Data excerpts =>
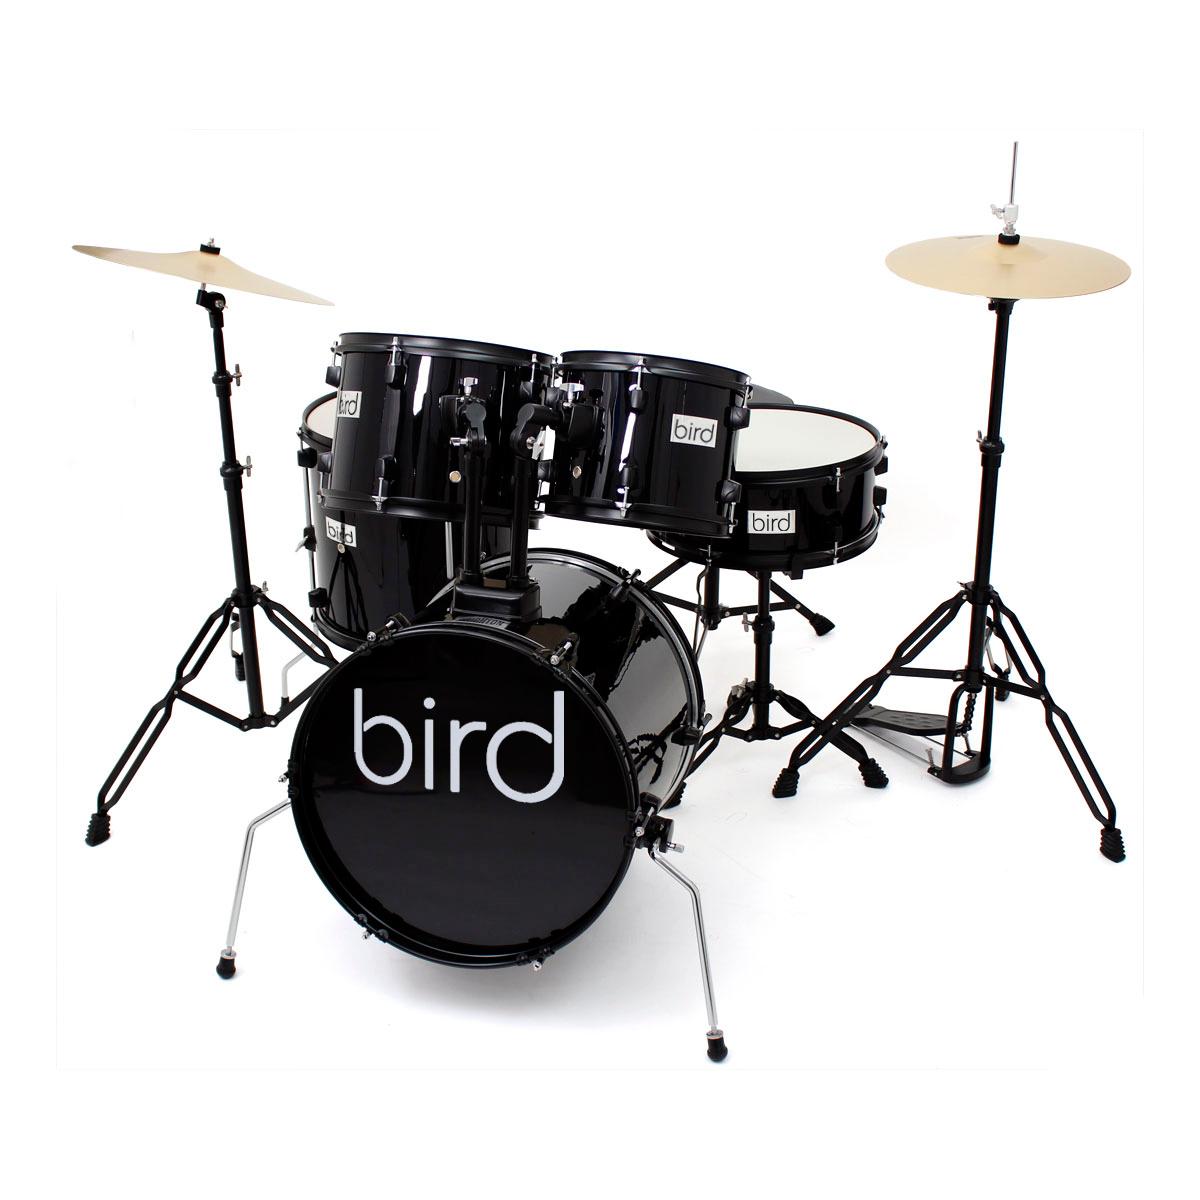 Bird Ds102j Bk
* * *
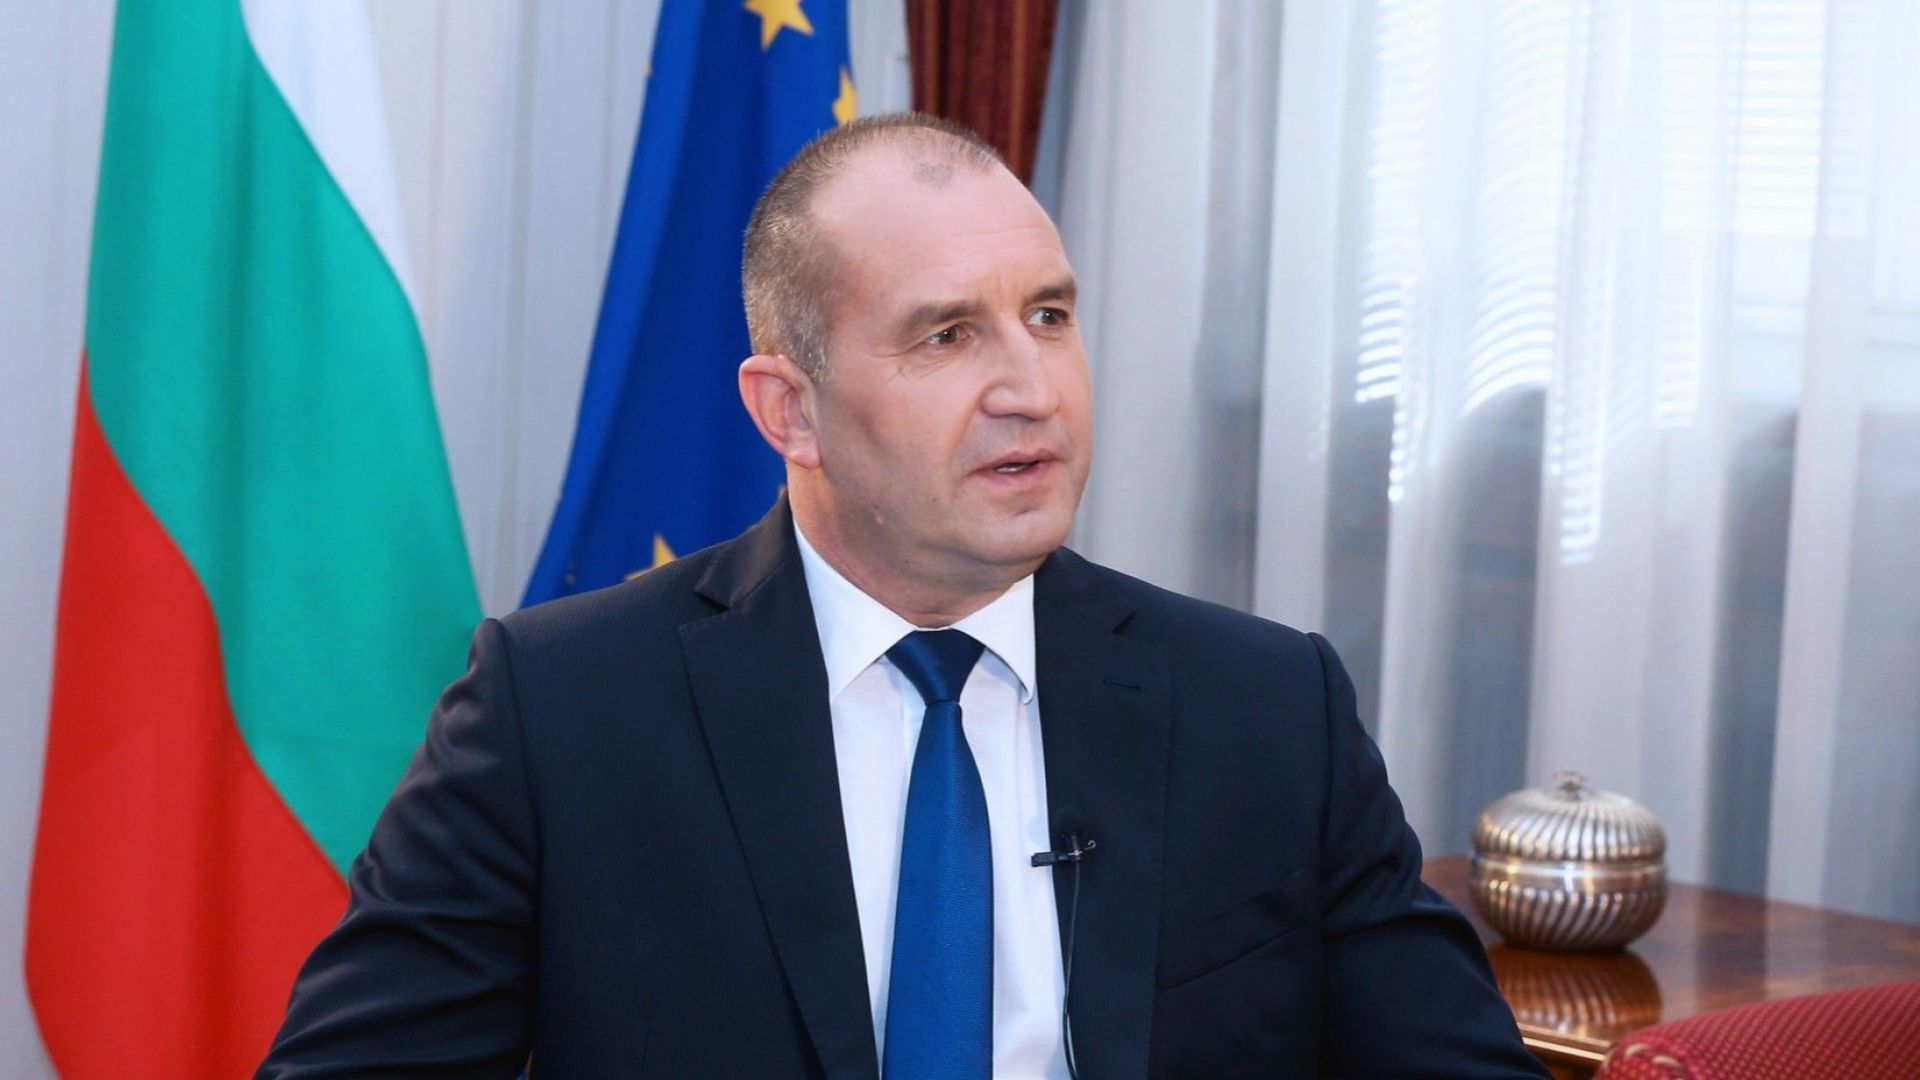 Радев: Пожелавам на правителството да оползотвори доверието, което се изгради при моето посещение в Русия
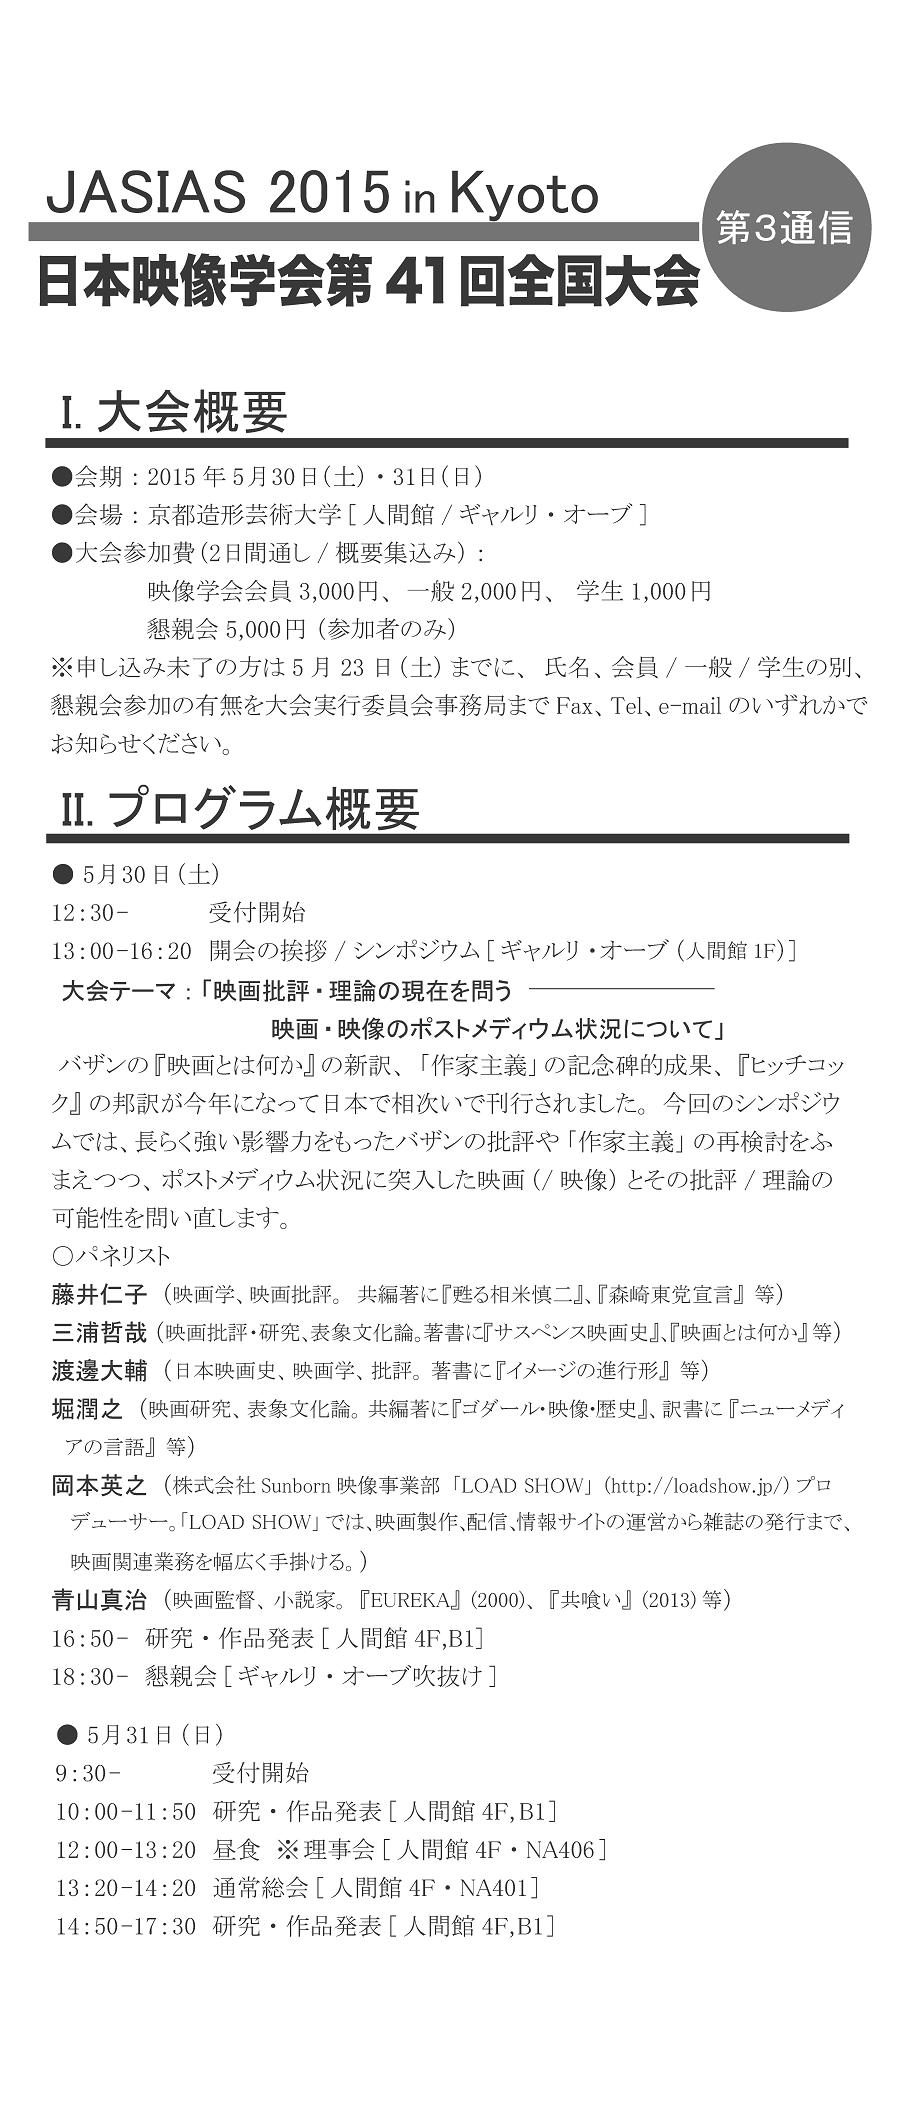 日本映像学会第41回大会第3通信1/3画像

Exercise details => Lines wanted from the entries above: the one with "Радев: Пожелавам на", the one with "日本映像学会第41回大会第3通信1/3画像", and all lines between. Please copy them exactly, without the pictures and without anything else.

Written solution =>
 Радев: Пожелавам на правителството да оползотвори доверието, което се изгради при моето посещение в Русия
 日本映像学会第41回大会第3通信1/3画像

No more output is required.